The measurement of impairment for single-family TDRs is based on the excess of our recorded investment in the loan
over the present value of the loan’s expected future cash flows. For multifamily loans, we use an estimate of the fair value of
the loan’s collateral rather than the present value of expected future cash flows to determine the amount of impairment. Our
process for determining the appropriate allowance for loan losses for both single-family and multifamily loans considers the
impact that our loss mitigation activities, such as loan restructurings, have on probabilities of default. For single-family loans
evaluated individually and collectively for impairment that have been modified, the probability of default is affected by the
incidence of redefault that we have experienced on similar loans that have completed a modification. For multifamily loans, the
incidence of redefault on loans that have been modified does not directly affect the allowance for loan losses as our multifamily
loans are generally evaluated individually for impairment based on the fair value of the underlying collateral.

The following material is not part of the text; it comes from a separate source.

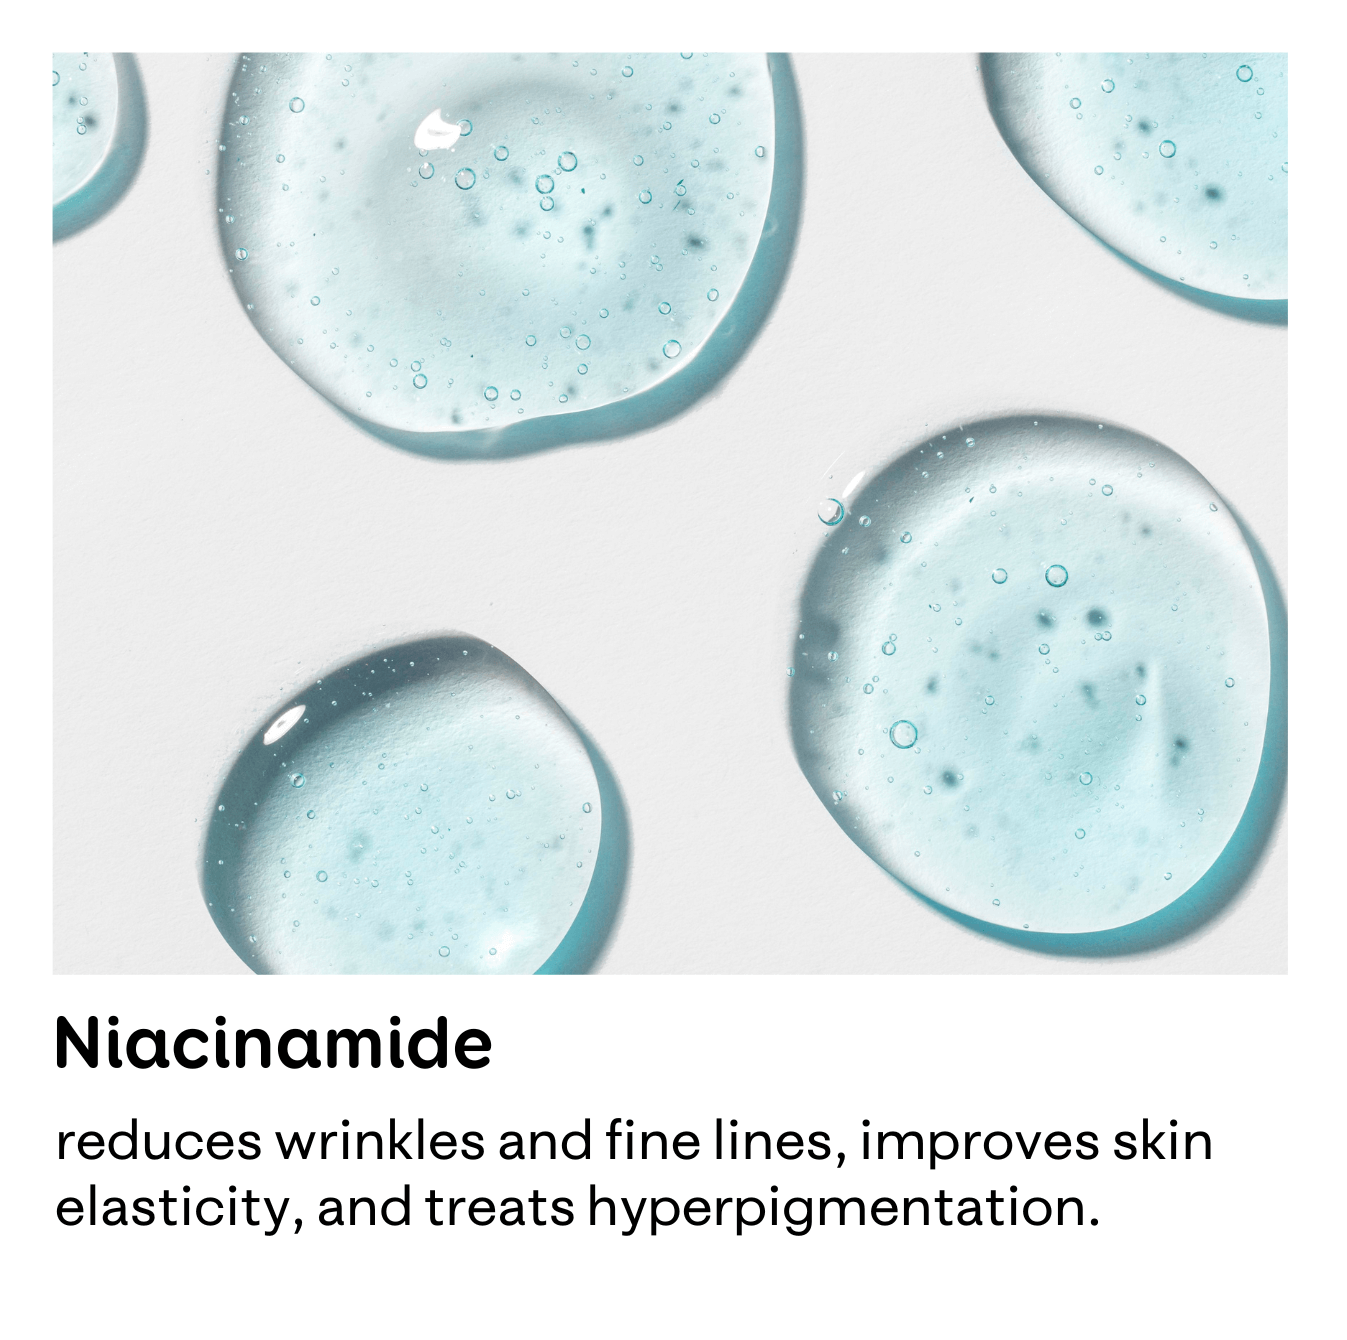 Niacinamide in the best men's hydrating face mist for oily skin, ensuring skin tightening for men.

The table below presents the volume of our TDR modifications that experienced payment defaults (i.e., loans that became
two months delinquent or completed a loss event) during the applicable periods and had completed a modification during the
year preceding the payment default. The table presents loans based on their original product category before modification and
excludes loans subject to other loss mitigation activity. Substantially all of our completed single-family loan modifications
classified as a TDR during 2014 resulted in a modified loan with a fixed interest rate. However, many of these fixed-rate loans
include provisions for the reduced interest rates to remain fixed for the first five years of the modification and then increase at a
rate of up to one percent per year until the interest rate has been adjusted to the market rate that was in effect at the time of the
modification.
Table 5.5 — Payment Defaults of Completed TDR Modifications, by Segment(1)
Year Ended December 31,
2014 2013
Number of Loans
Post-TDR
Recorded
Investment(2) Number of Loans
Post-TDR
Recorded
Investment(2)
(dollars in millions)
Single-family:
20 and 30-year or more, amortizing fixed-rate 19,101 $ 3,384 14,964 $ 2,766
15-year amortizing fixed-rate 645 62 471 52
Adjustable-rate 332 61 237 50
Alt-A, interest-only, and option ARM 2,357 564 2,256 587
Total single-family 22,435 $ 4,071 17,928 $ 3,455
Multifamily — $ — $
(1) Represents TDR loans that experienced a payment default during the period and had completed a modification during the year preceding the payment
default.
(2) Represents the recorded investment at the end of the period in which the loan was modified and does not represent the recorded investment as of
December 31.
In addition to modifications, loans may be initially classified as TDRs as a result of other loss mitigation activities (i.e.,
repayment plans, forbearance agreements, or trial period modifications). During the years ended December 31, 2014 and 2013,
9,538 and 8,473, respectively, of such loans (with a post-TDR recorded investment of $1.4 billion for both periods) experienced
a payment default within a year after the loss mitigation activity occurred.